Once, this wouldn’t have bothered him at all – on the contrary, in fact. He squirmed at the realization that, once upon a time, he’d have been recalling the night before with relish, as some sort of victory. Not any more, it seemed. He had absolutely no appetite for that now.
But he hadn’t broken any commitments, so why did he feel so guilty? He picked at the feeling until he understood. It was because he was still out of control, he realized. Didn’t that demonstrate that he hadn’t mended himself at all, and probably never would? This was exactly the sort of mistake that had once cost him everything.
‘Would you just fuck any nasty pussy that appeared in front of you? Would you just fuck anything?’ he heard Sofia say, her voice quiet with rage.
Now, he knew quite suddenly, he was going to love Erica, and last night he’d slept with someone else. He’d poisoned it before it had even started.
This old mistake, this tiresome old habit. He’d never found anything in life as exciting as the first time a new woman removed her underwear in front of him, and it had cost him dearly.
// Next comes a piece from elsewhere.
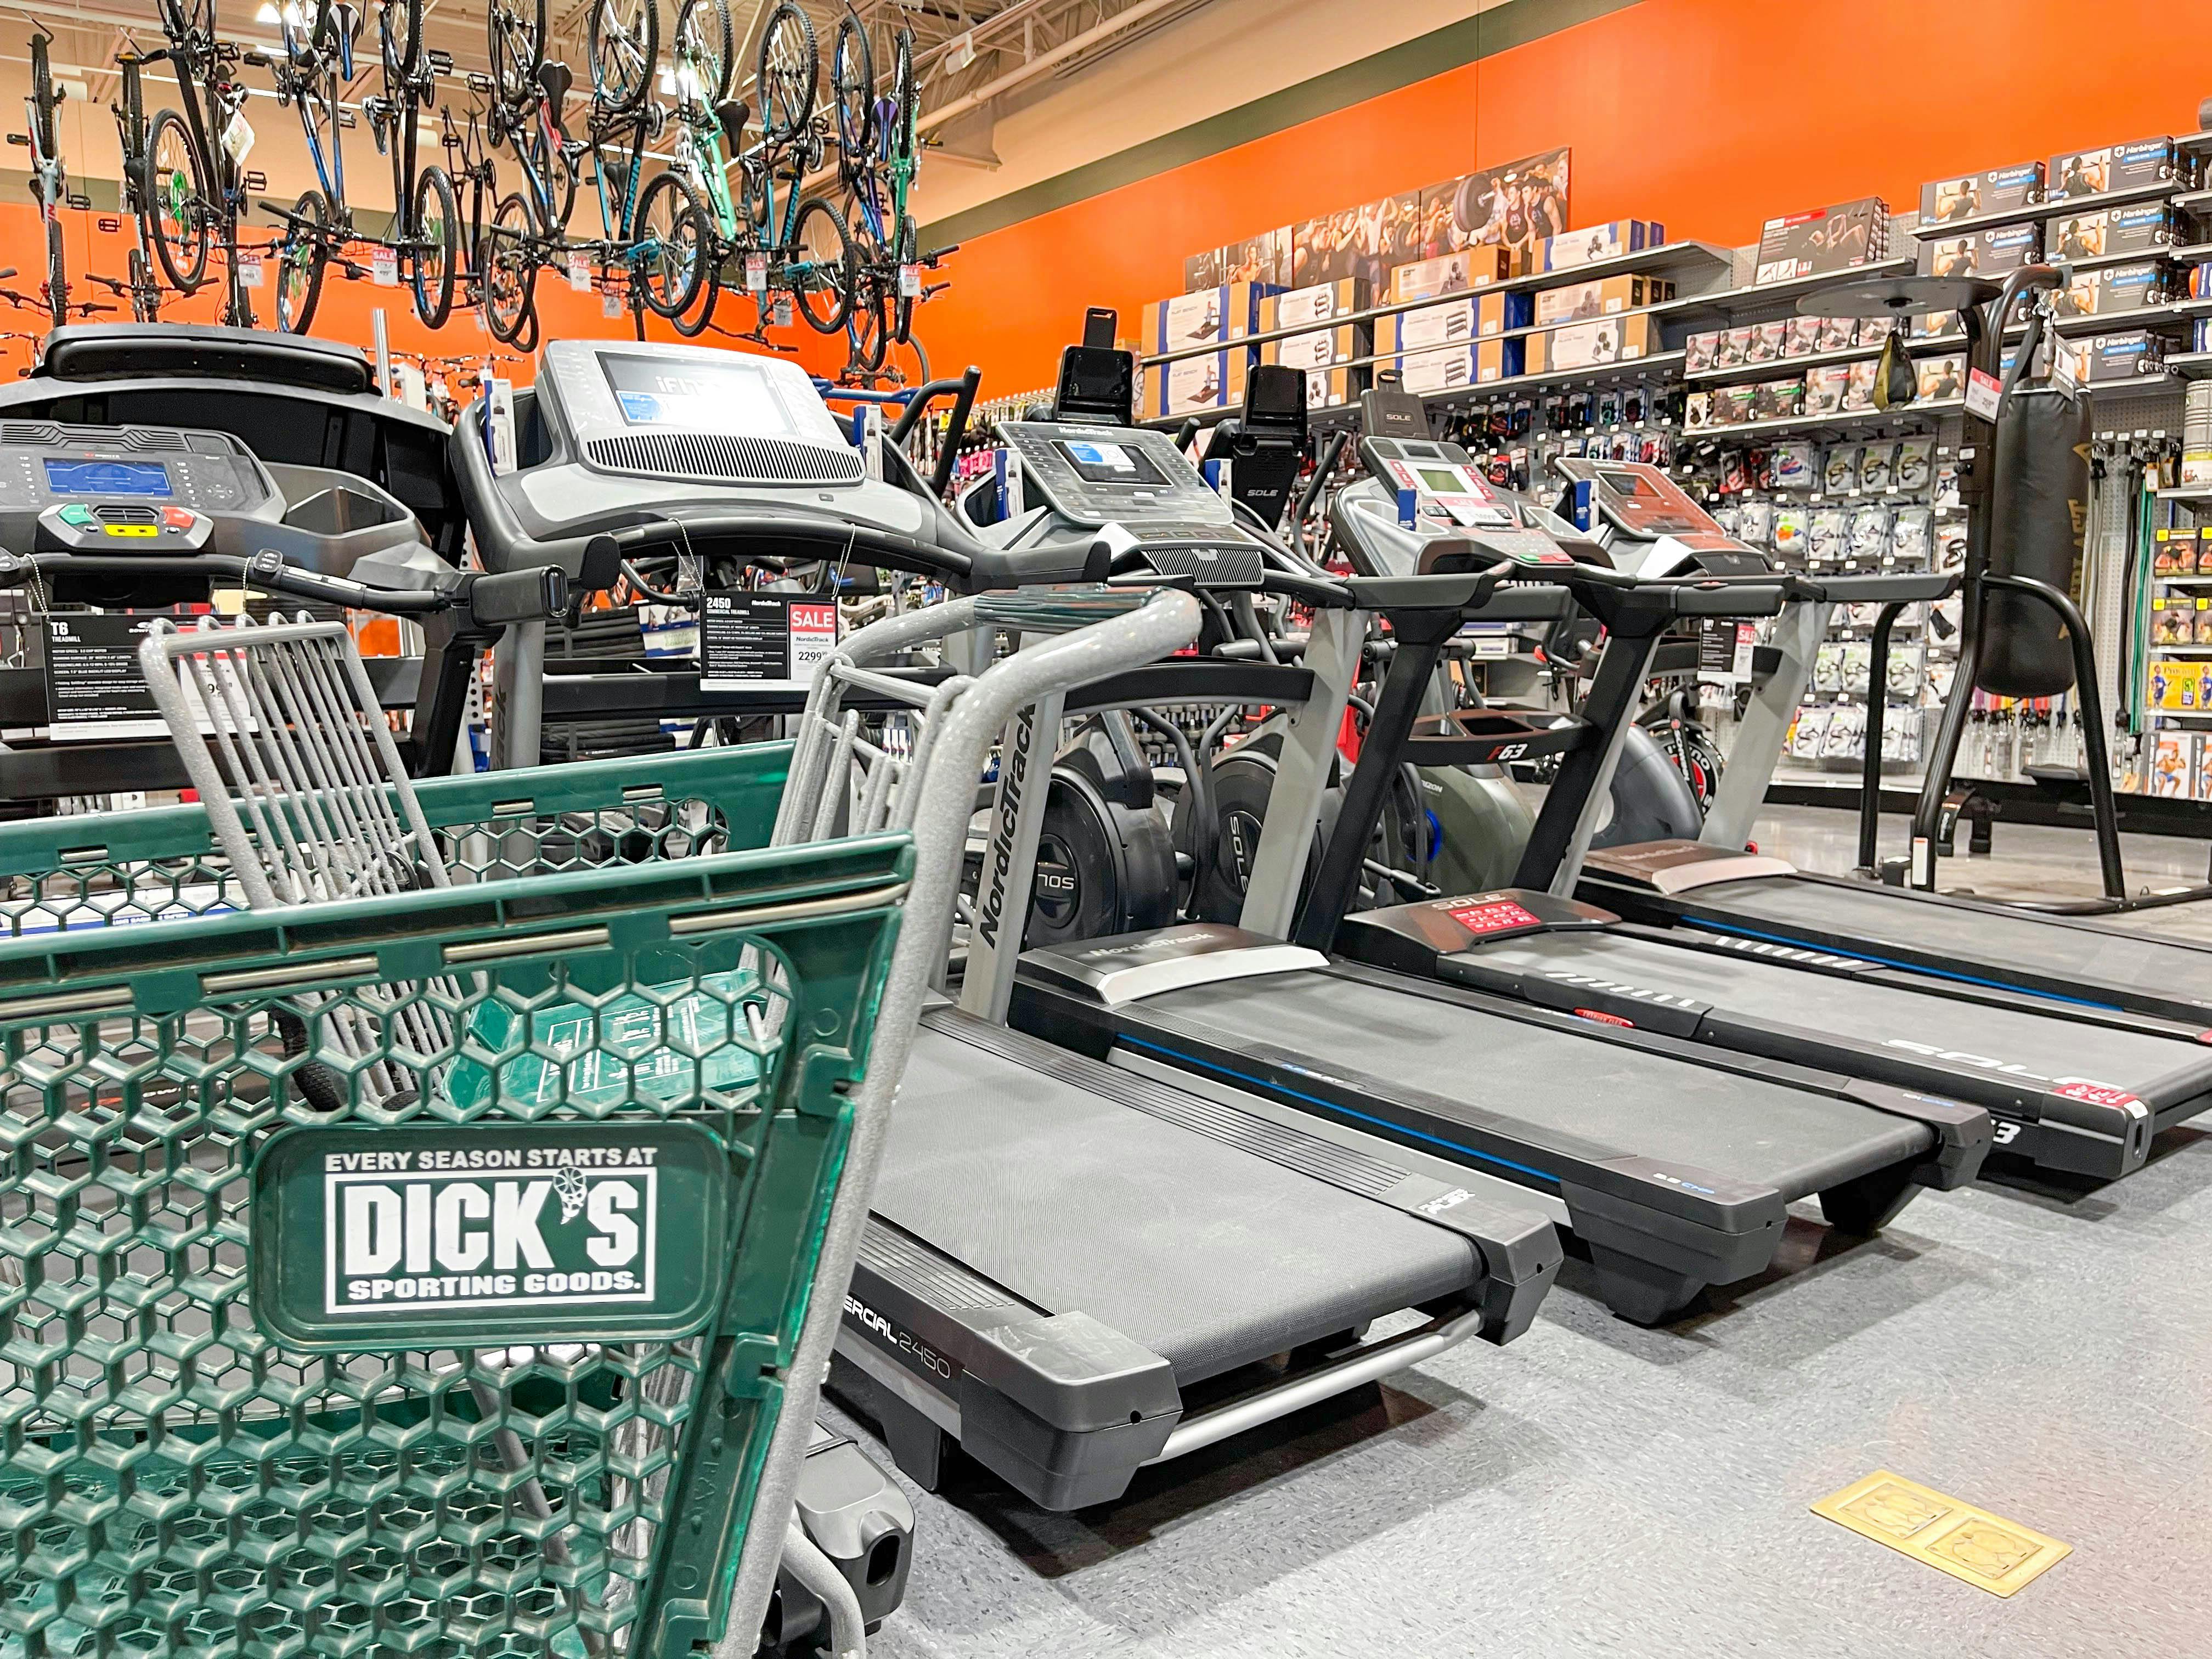 dicks cart in front of treadmills

Once, on a happier, longer flight than this one, he’d found himself in conversation with a man at the bar. When Adam had suggested that his well-spoken accent must have been popular in Los Angeles, he’d revealed that he too was originally from Bath. It turned out they’d been to school together, separated at the time by the yawning, icy chasm of two academic years.
They were still separate. The man was an investor, and he drank his vodka tonics and acclaimed a new type of champagne designed to be drunk with ice. Adam drank his unadorned Scotch and decided it would be easiest simply to listen.
The man told Adam that he’d loved school, but hated university. Adam wondered how that was possible. After the miserable years of school, where all but a few other outcasts had seemed to loathe him, university had been everything he’d dreamed of. He’d recast himself from his unpopular, unhappy clay into something more interesting and appealing.
And girls had liked him. There were so many brilliant girls, he hadn’t wanted to squander any of them. He was in awe of them. Not just their bodies. Sex was as much about the mind, if it was to be worth having. It was a shared undertaking, a leaping off the ledge, hand in hand. It was fresh, unspoiled intimacy he craved. The type that came before jealousy and boredom, and the seeing the worst of each other. The type that came before someone took your possessions and threw them down a drain.